Data to use:

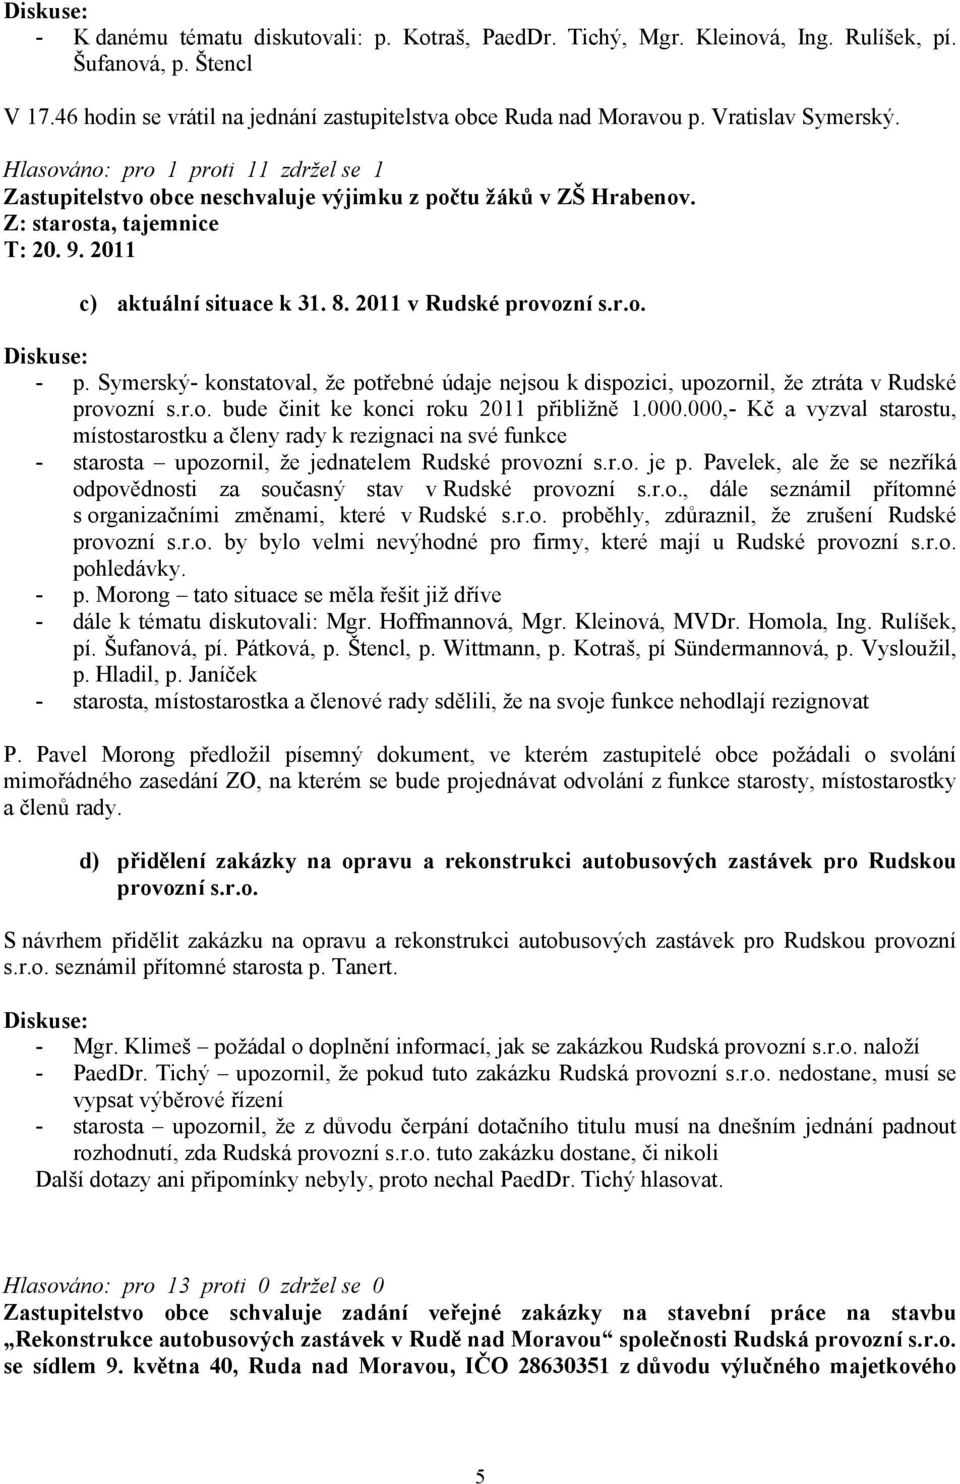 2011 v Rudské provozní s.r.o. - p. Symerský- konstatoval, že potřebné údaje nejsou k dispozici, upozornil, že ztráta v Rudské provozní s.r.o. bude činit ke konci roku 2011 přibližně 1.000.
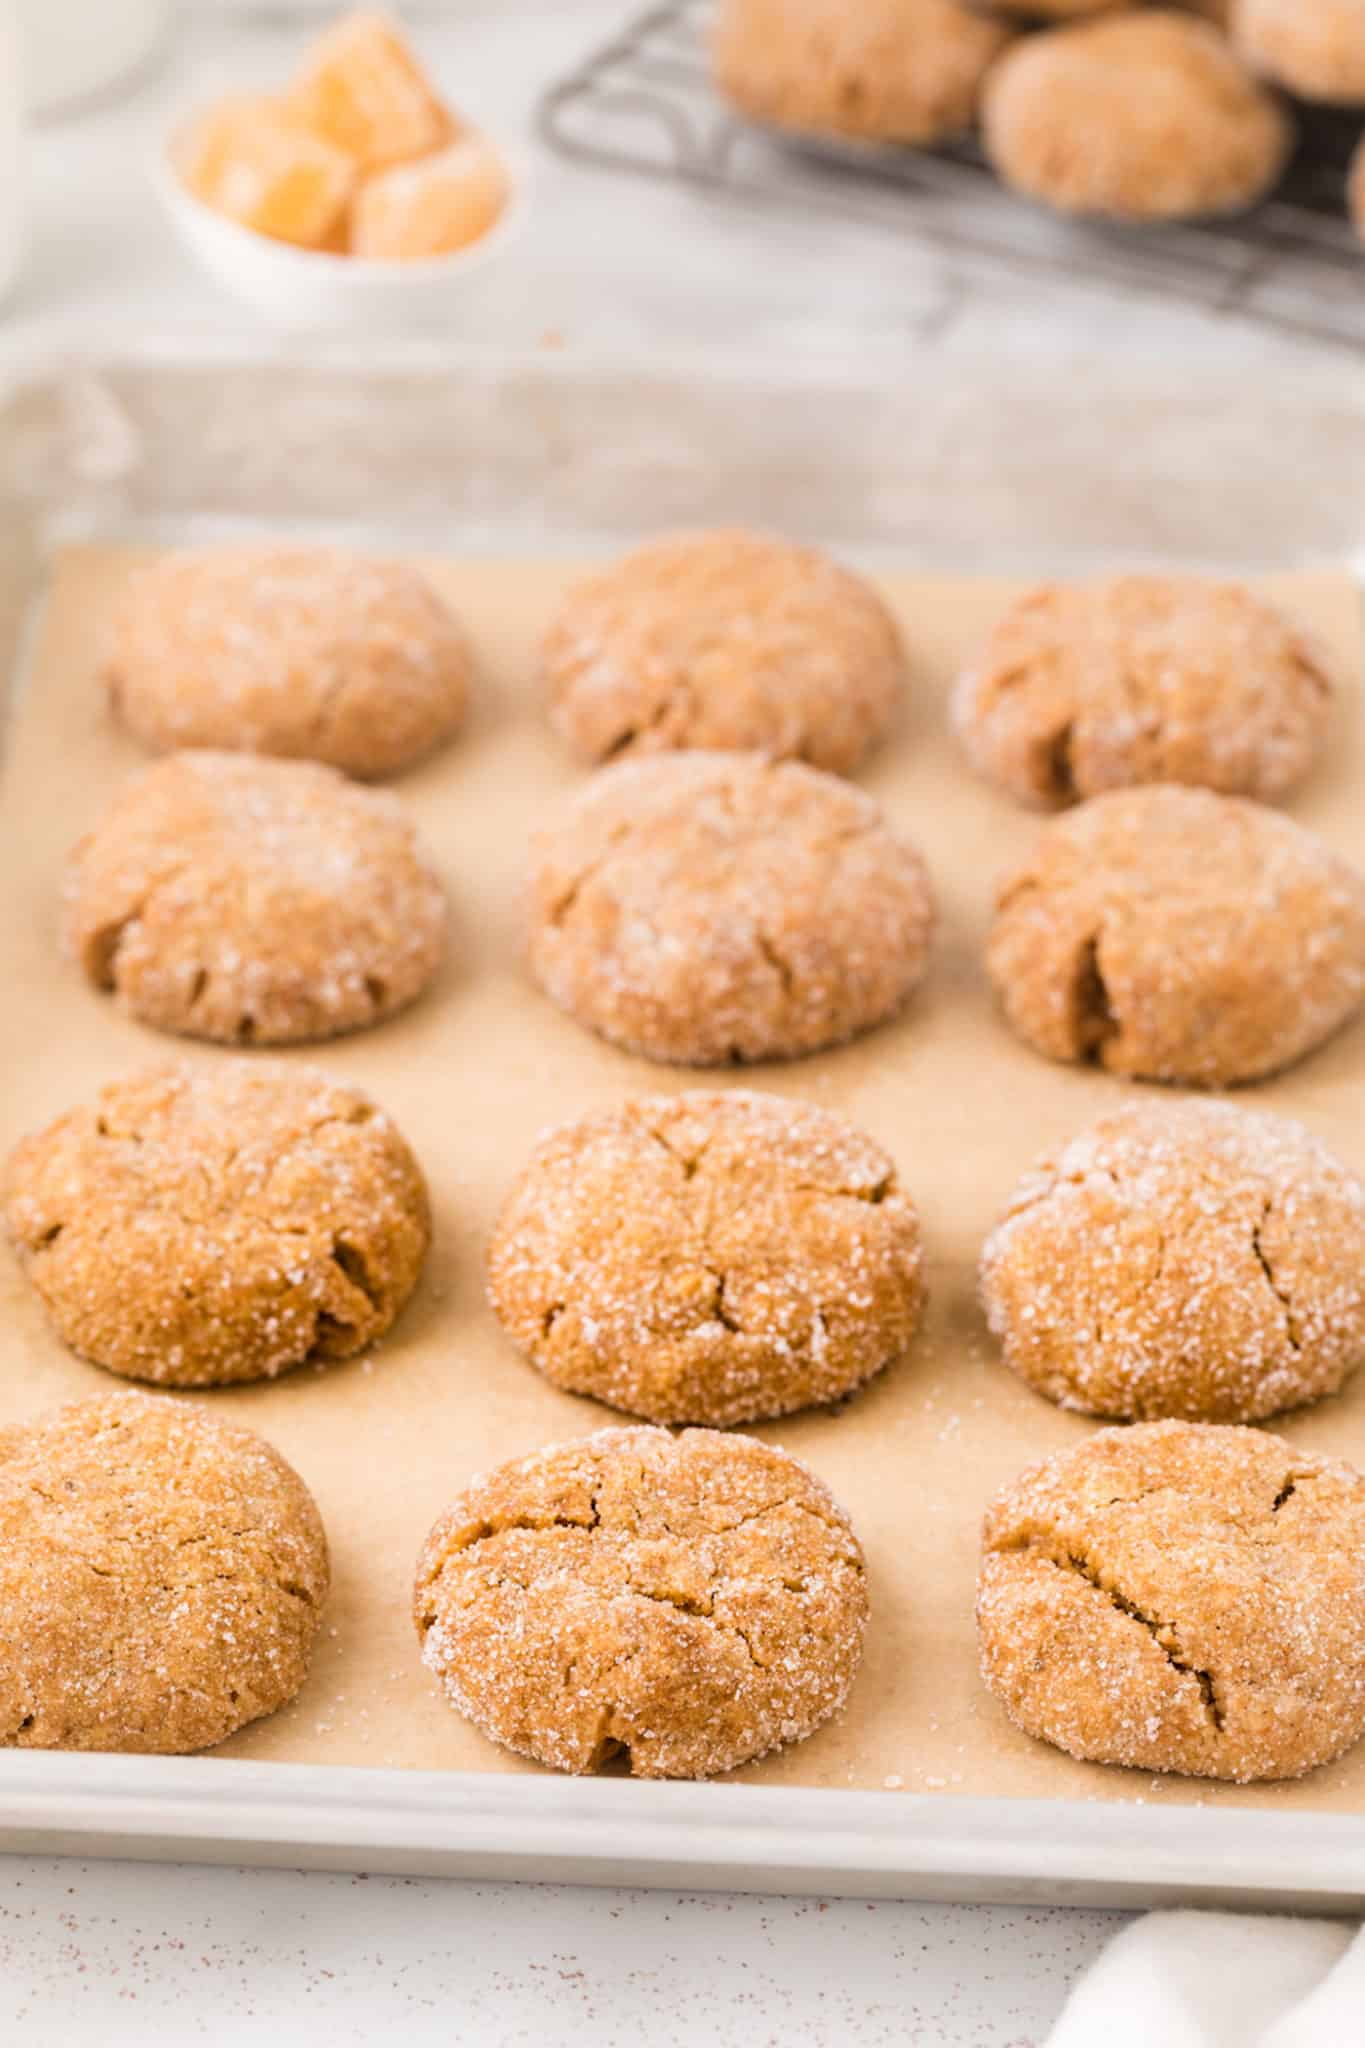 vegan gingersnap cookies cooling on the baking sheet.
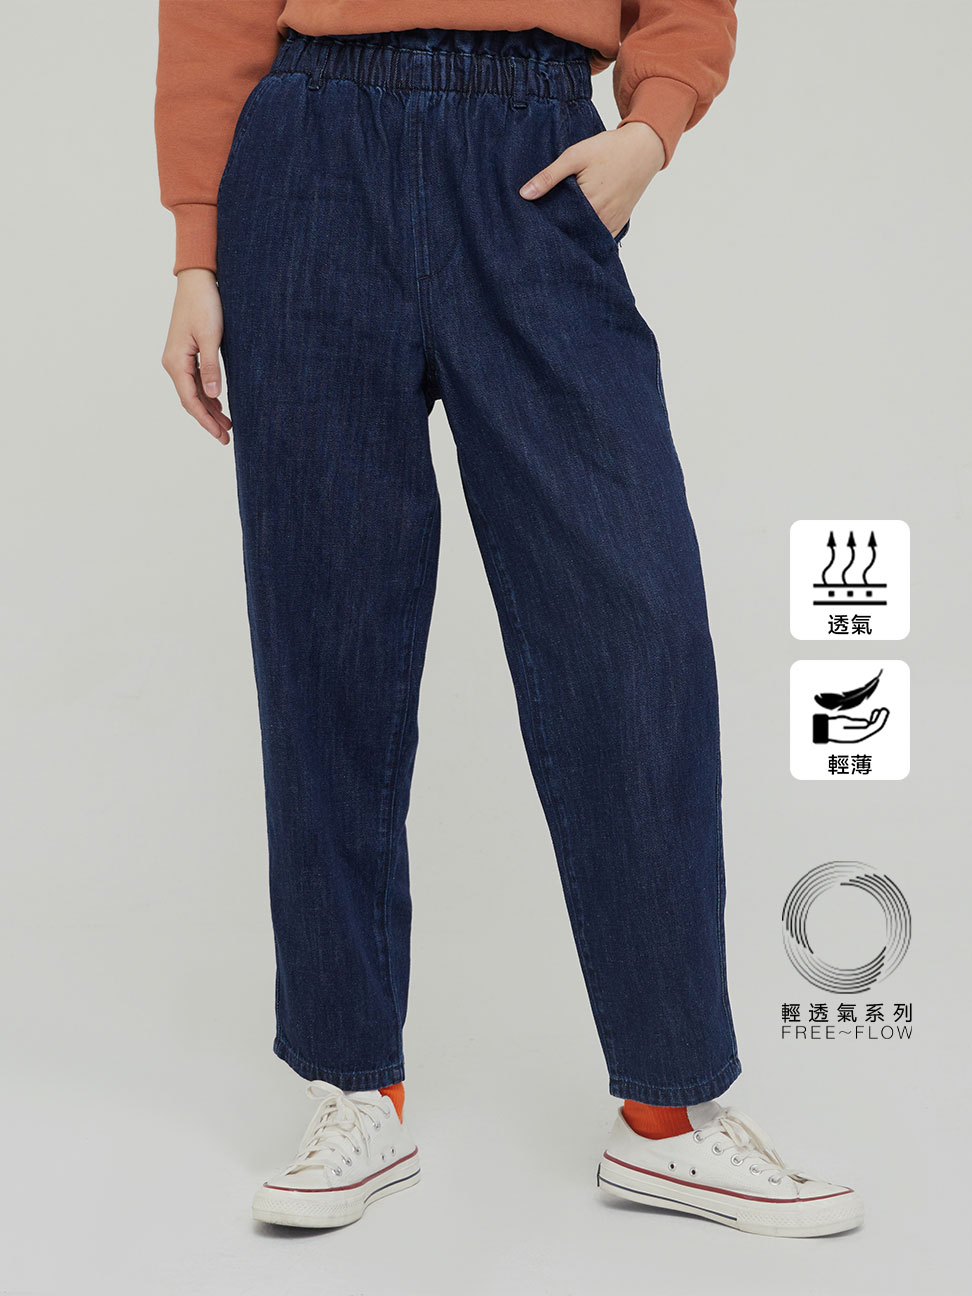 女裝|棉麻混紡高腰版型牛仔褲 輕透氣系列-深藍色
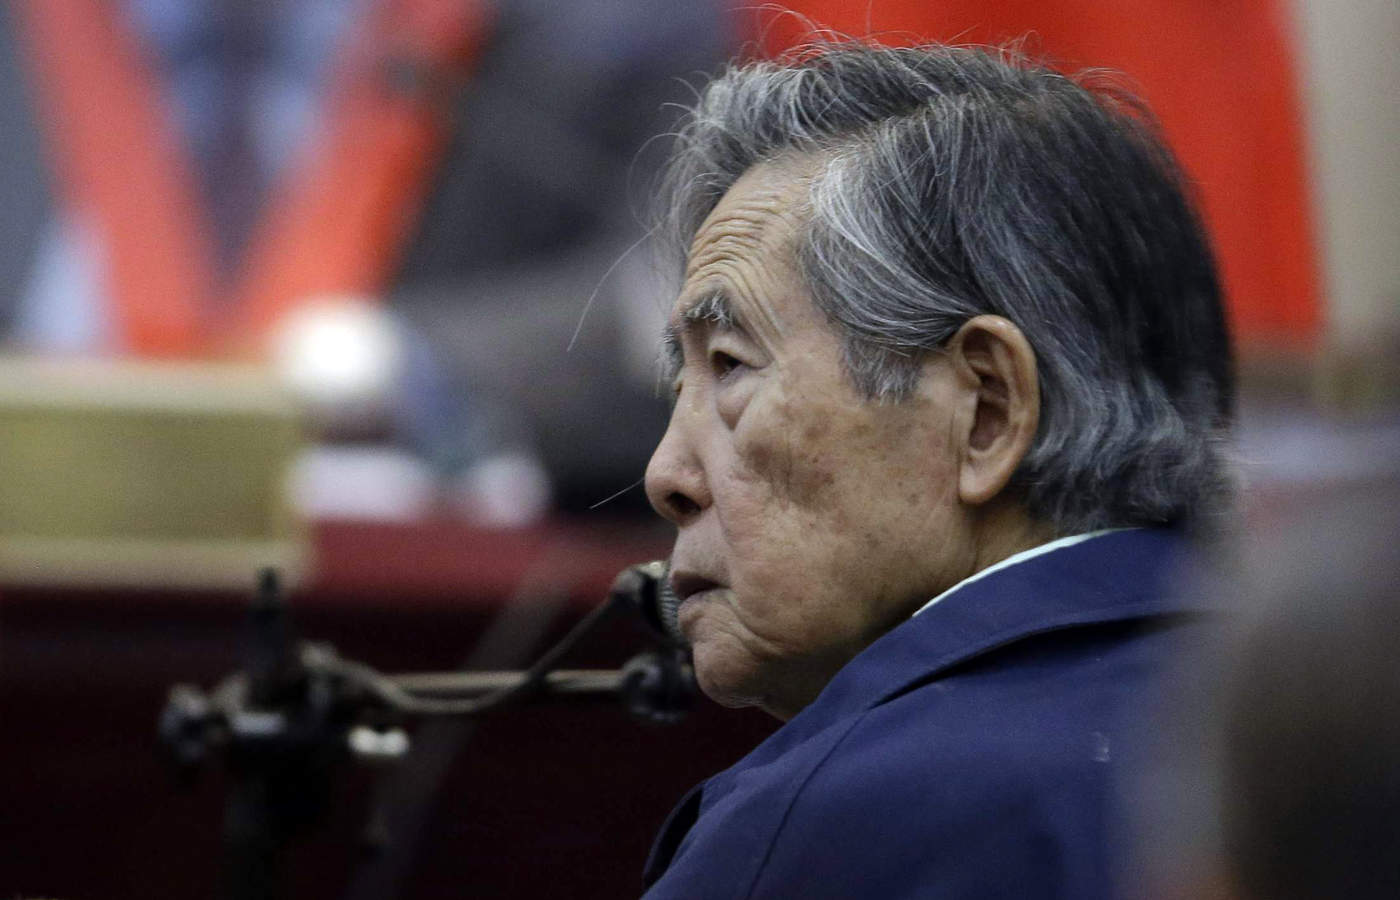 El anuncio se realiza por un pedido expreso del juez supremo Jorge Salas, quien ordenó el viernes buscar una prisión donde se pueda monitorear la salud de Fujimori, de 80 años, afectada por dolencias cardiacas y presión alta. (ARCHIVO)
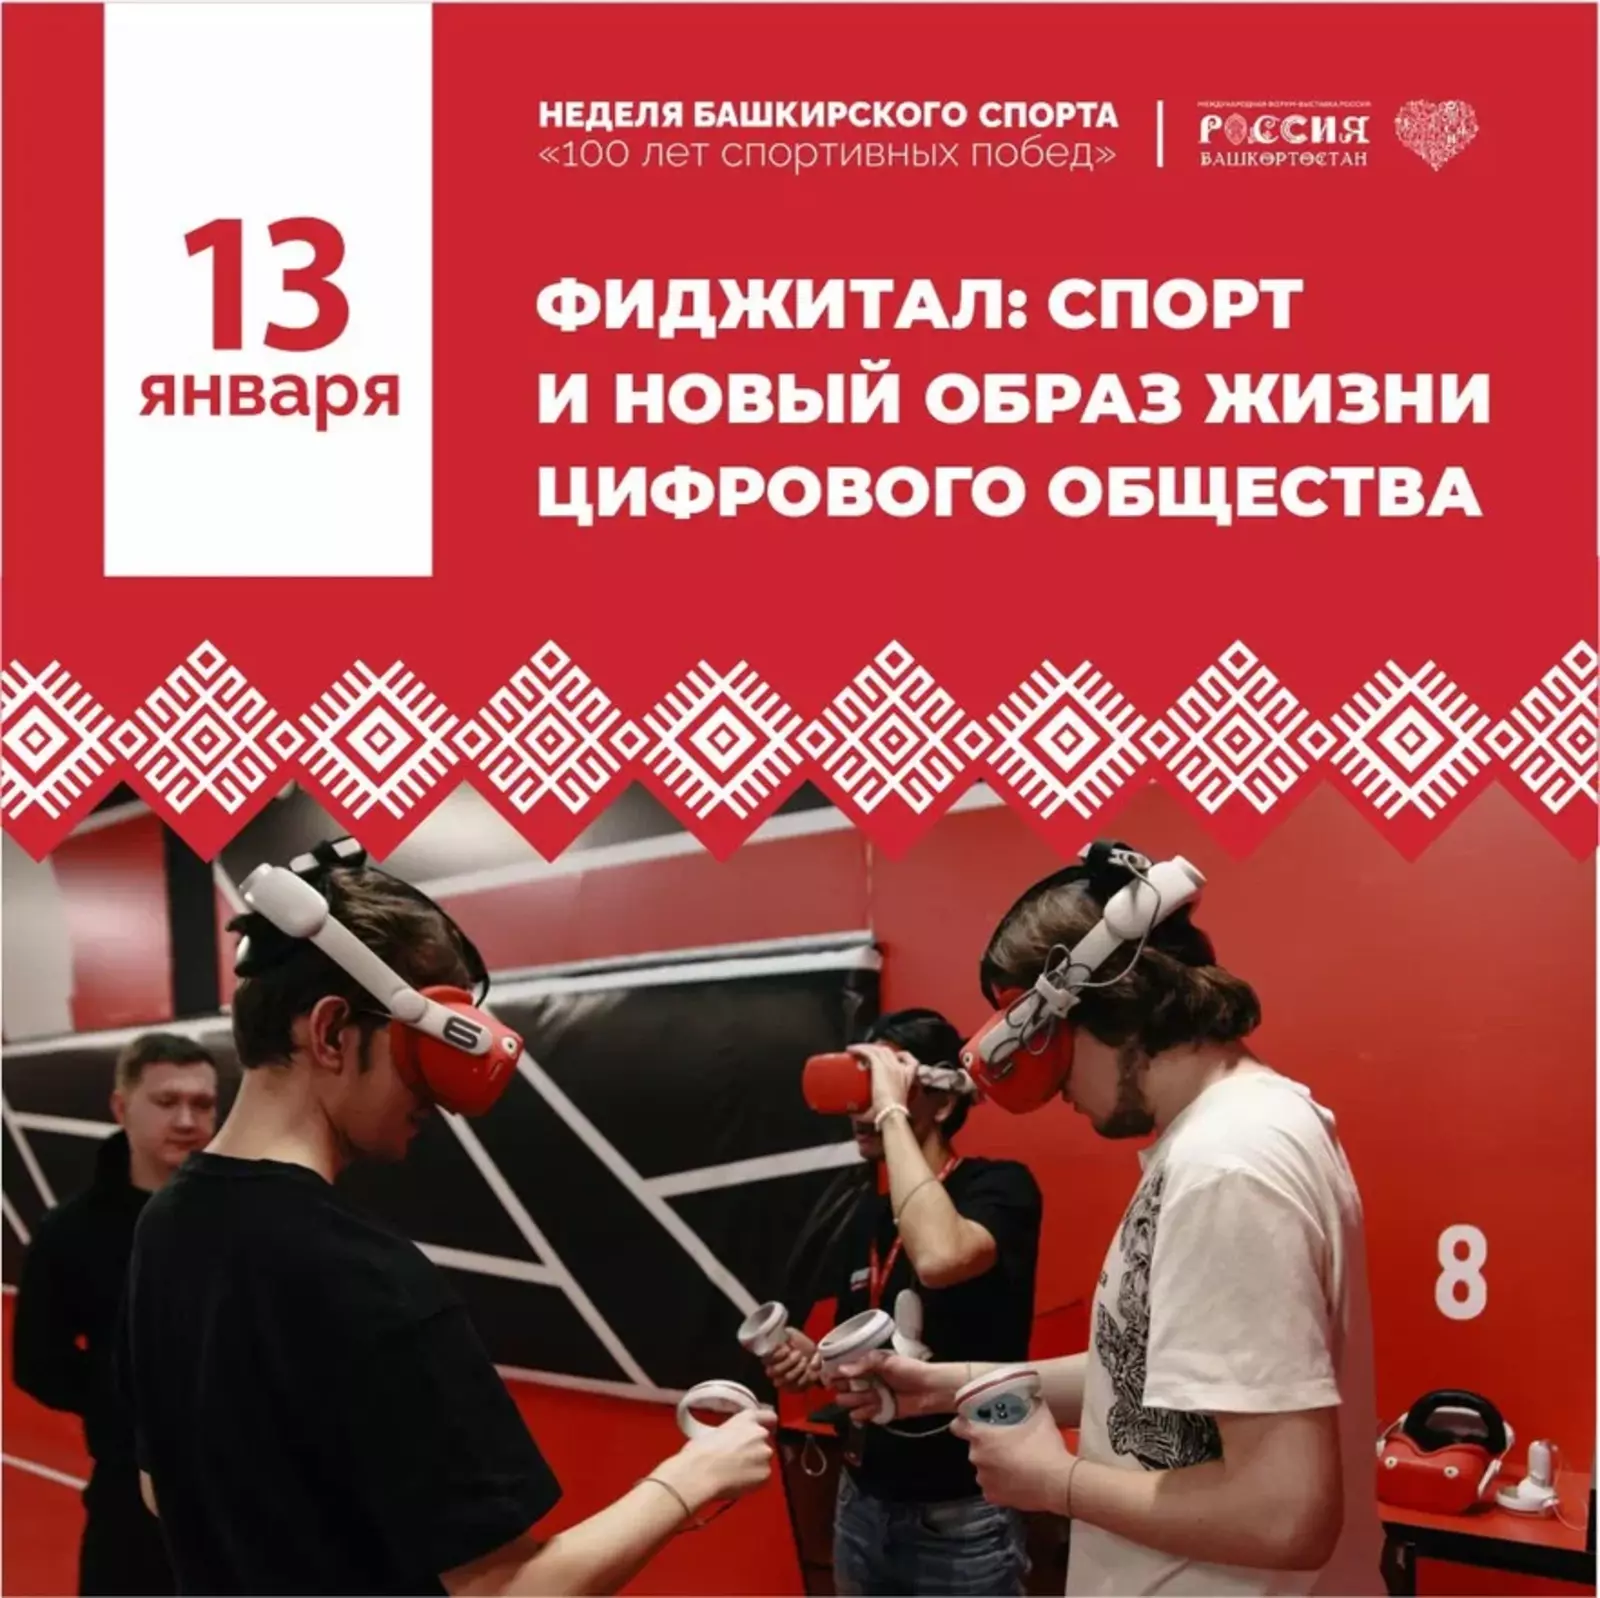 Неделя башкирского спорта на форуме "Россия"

What you will do: The answer must be an exact reproduction of the records, with every picture left out.

Completed task:
 2011 v Rudské provozní s.r.o. - p. Symerský- konstatoval, že potřebné údaje nejsou k dispozici, upozornil, že ztráta v Rudské provozní s.r.o. bude činit ke konci roku 2011 přibližně 1.000.
 vegan gingersnap cookies cooling on the baking sheet.
 女裝|棉麻混紡高腰版型牛仔褲 輕透氣系列-深藍色
 El anuncio se realiza por un pedido expreso del juez supremo Jorge Salas, quien ordenó el viernes buscar una prisión donde se pueda monitorear la salud de Fujimori, de 80 años, afectada por dolencias cardiacas y presión alta. (ARCHIVO)
 Неделя башкирского спорта на форуме "Россия"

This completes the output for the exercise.